A similar organization of PSII assembly has also been suggested for the green alga Chlamydomonas reinhardtii. Under conditions triggering de novo PSII assembly, ribosomes and mRNAs encoding PSII subunits were shown to localize at distinct regions in the periphery of the pyrenoid, which is formed by semicrystalline concentrations of the CO2-

fixing enzyme ribulose-bisphosphate carboxylase/oxygenase (McKay and Gibbs, 1991; Borkhsenious et al., 1998; Uniacke and Zerges, 2007). Furthermore, mutants defective in PSII assembly accumulate early PSII intermediates around the pyrenoid, which further substantiates the importance of this region in PSII biogenesis. Therefore, these regions were named T-zones (translation zones) and suggested to represent the place of early PSII biogenesis with a subsequent transport of newly assembled complexes to the TMs (Uniacke and Zerges, 2007). Taken together, the principle of a centered localization of PSII biogenesis might be evolutionary conserved – at least from cyanobacteria to chloroplasts of unicellular green algae.

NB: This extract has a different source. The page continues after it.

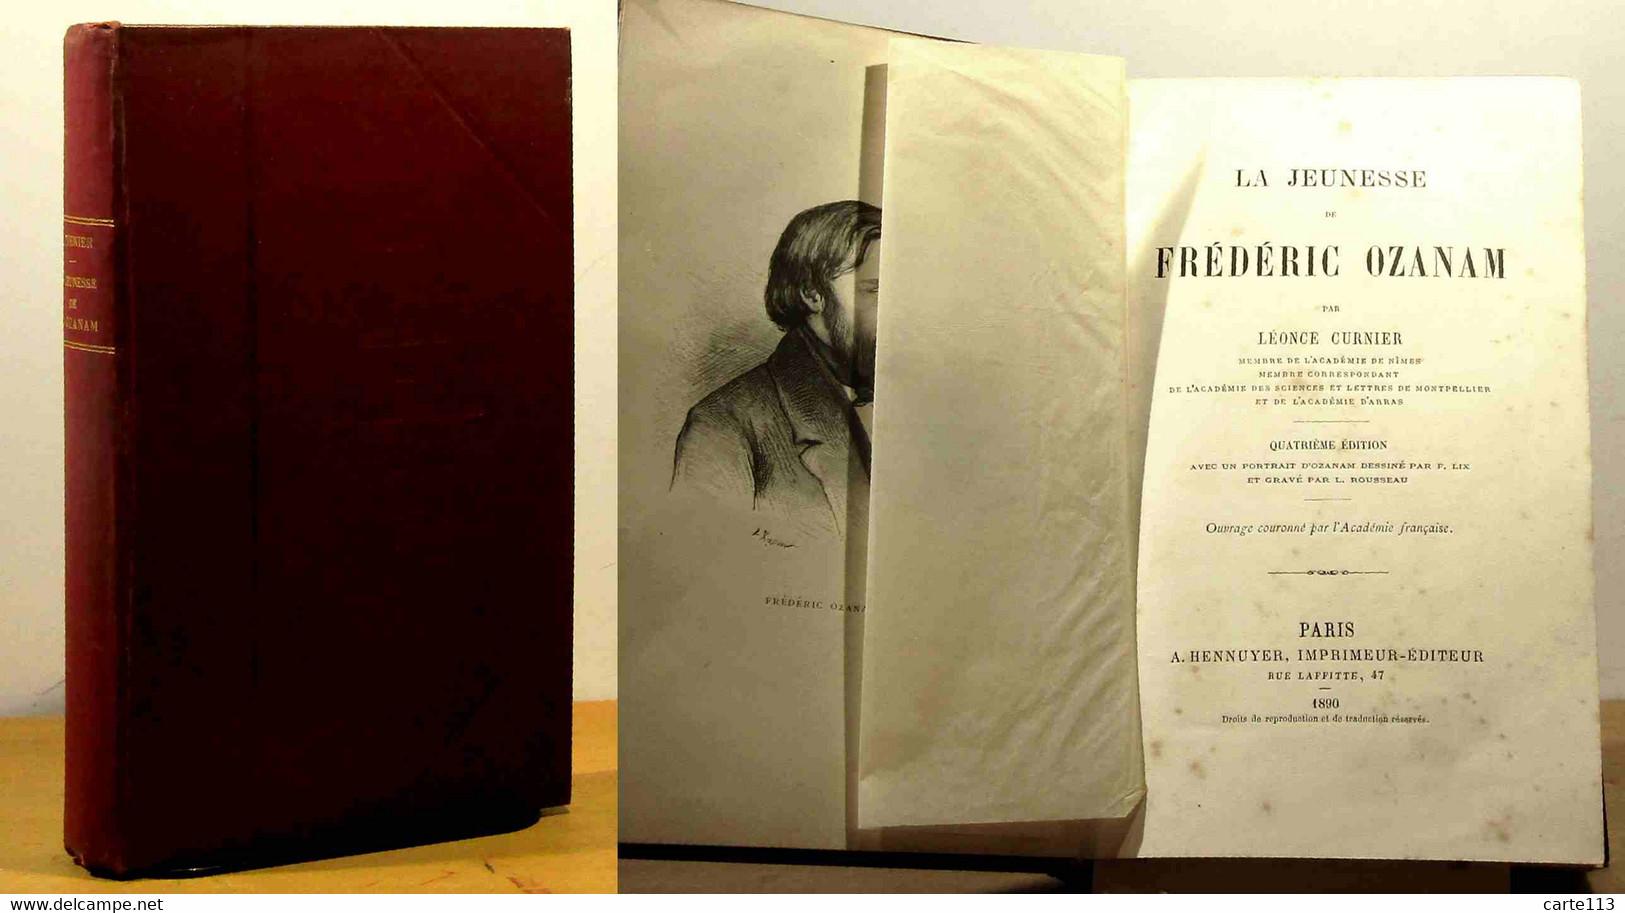 CURNIER Leonce - LA JEUNESSE DE FREDERIC OZANAM - 1801-1900
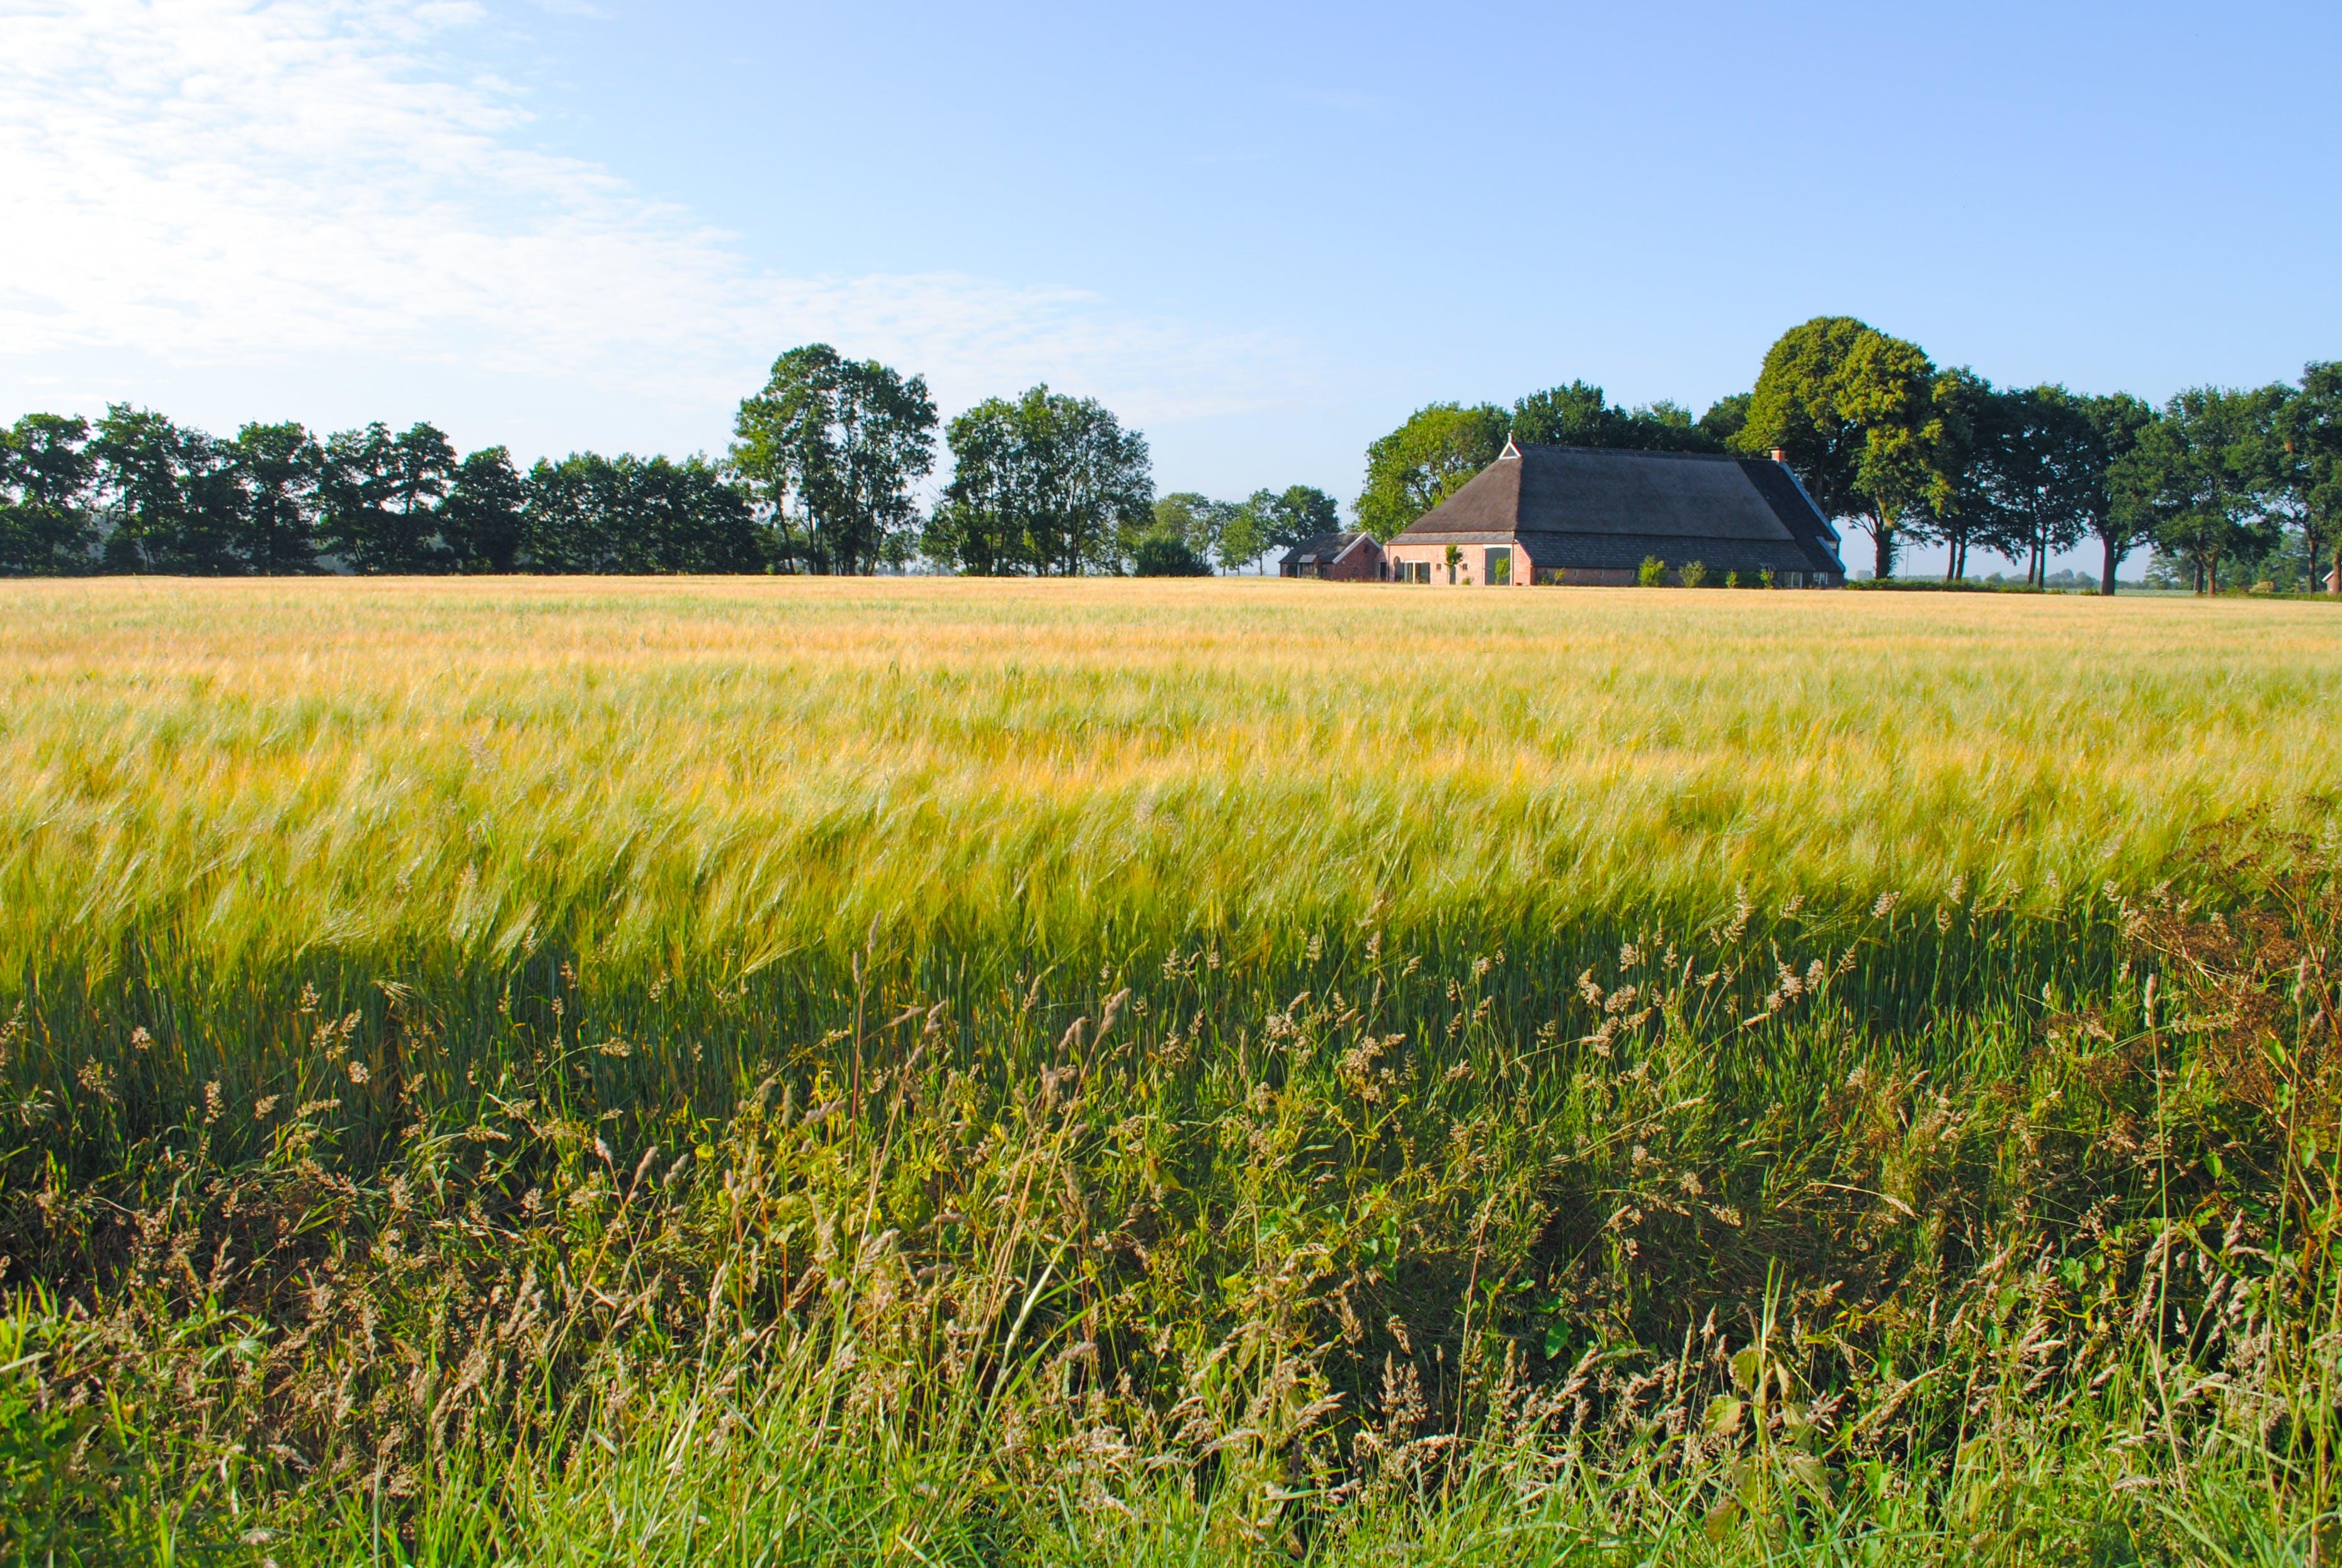 Kostnadsfri bild av åkermark, bete, bondgård, fält

Figure 10: Model for spatial organization of PSII biogenesis in Synechocystis 6803. PSII assembly starts in biogenesis centers consisting of thylakoid centers (TC) surrounded by semicircular structures (SS), which connect PM and TMs. Mediated by PratA the D1 precursor is preloaded with manganese ions (Mn) that have been stored in the periplasmic space. PSII complexes are further assembled while they migrate from PDMs to TMs. Chlorophyllide a (green pentagon) accumulates in PDM fractions merging with TMs. Pitt and POR as well as YCF48 and Sll0933 seem to be involved in pigment synthesis/integration. Assembly of RC47, PSII monomers and dimers (not shown), occurs in TMs. OM, outer membrane; PM, plasma membrane; TM, thylakoid membrane; RC, PSII reaction center complex lacking CP47 and CP43; RC47, PSII reaction center complex lacking CP43; PSII[1], PSII monomer. For further details, see text. According to Nickelsen and Rengstl, submitted (see appendix).